Addressed investors at the Nomura Investment Forum Asia 2026. Our key messages at the Fireside Chat on “Türkiye’s New Route to Financial Stability.”
1/ We live in a shock-prone world and a tough neighbourhood. Shocks may slow the pace of the program’s delivery, but they are unlikely to change the direction of travel.
2/ On inflation: Our commitment to the disinflation program is firm. Even in a year of major shocks, inflation is expected to continue falling, and to end the year in the mid-twenties.
3/ On fiscal performance: Our track record speaks for itself. Over the past 23 years, Türkiye’s average budget deficit has been 2.6% of GDP. We reduced the deficit from 5.1% in 2023 to 2.9% in 2025 through spending controls, the fight against informality, stronger tax compliance, and improvements in audit and revenue collection. Even after deploying fiscal space to cushion higher oil prices through the sliding-scale mechanism, we remain on track to meet our 2026 target and to keep the deficit below 3% of GDP over the medium term.

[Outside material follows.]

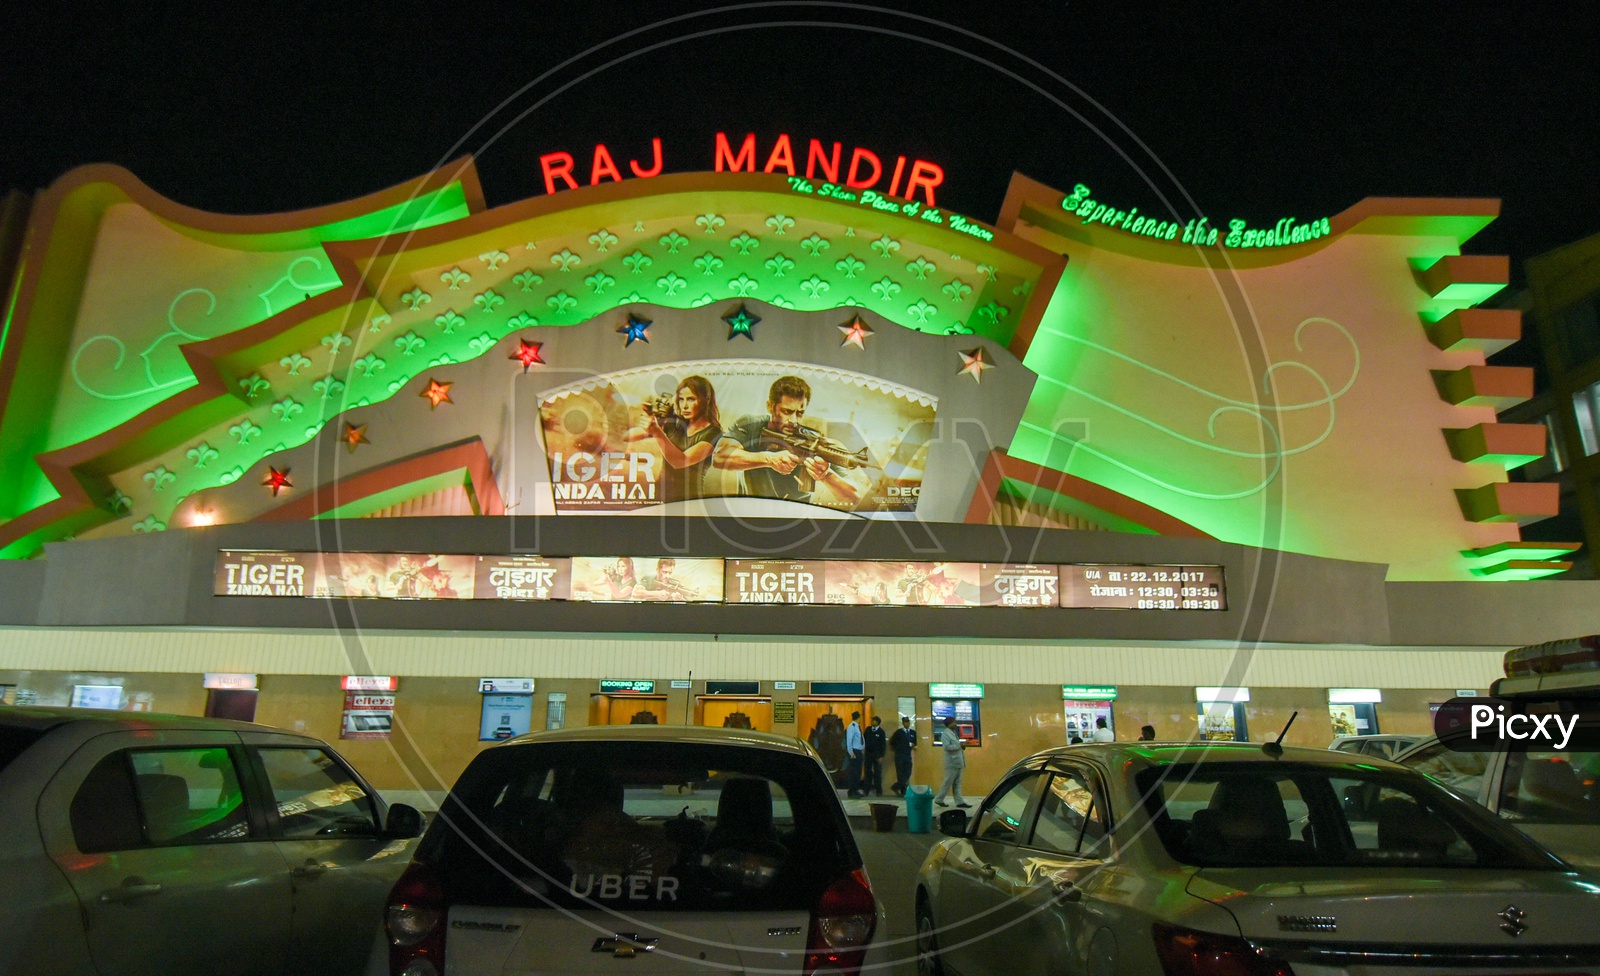 Raj Mandir Theatre

4/ On the lira: We do not target a specific level. Confidence in the lira has strengthened significantly since the program began. This reflects a tight monetary stance, effective macroprudential measures, and an FX reserve position that is fundamentally stronger than in previous episodes of volatility.
5/ On the current account: High energy prices are likely to widen the deficit, but the impact remains manageable. Softening domestic demand and resilient exports are likely to limit the fallout from the war. Exports are supported by supply-chain reconfiguration, the EUR/USD parity, and higher value-added production. We expect the current account deficit to be around 3% of GDP, below its long-term average.
6/ On not wasting the crisis: To attract FDI, talent, and capital, we have introduced a comprehensive framework. It includes:
- Halving corporate tax rate for manufacturers to 12.5%.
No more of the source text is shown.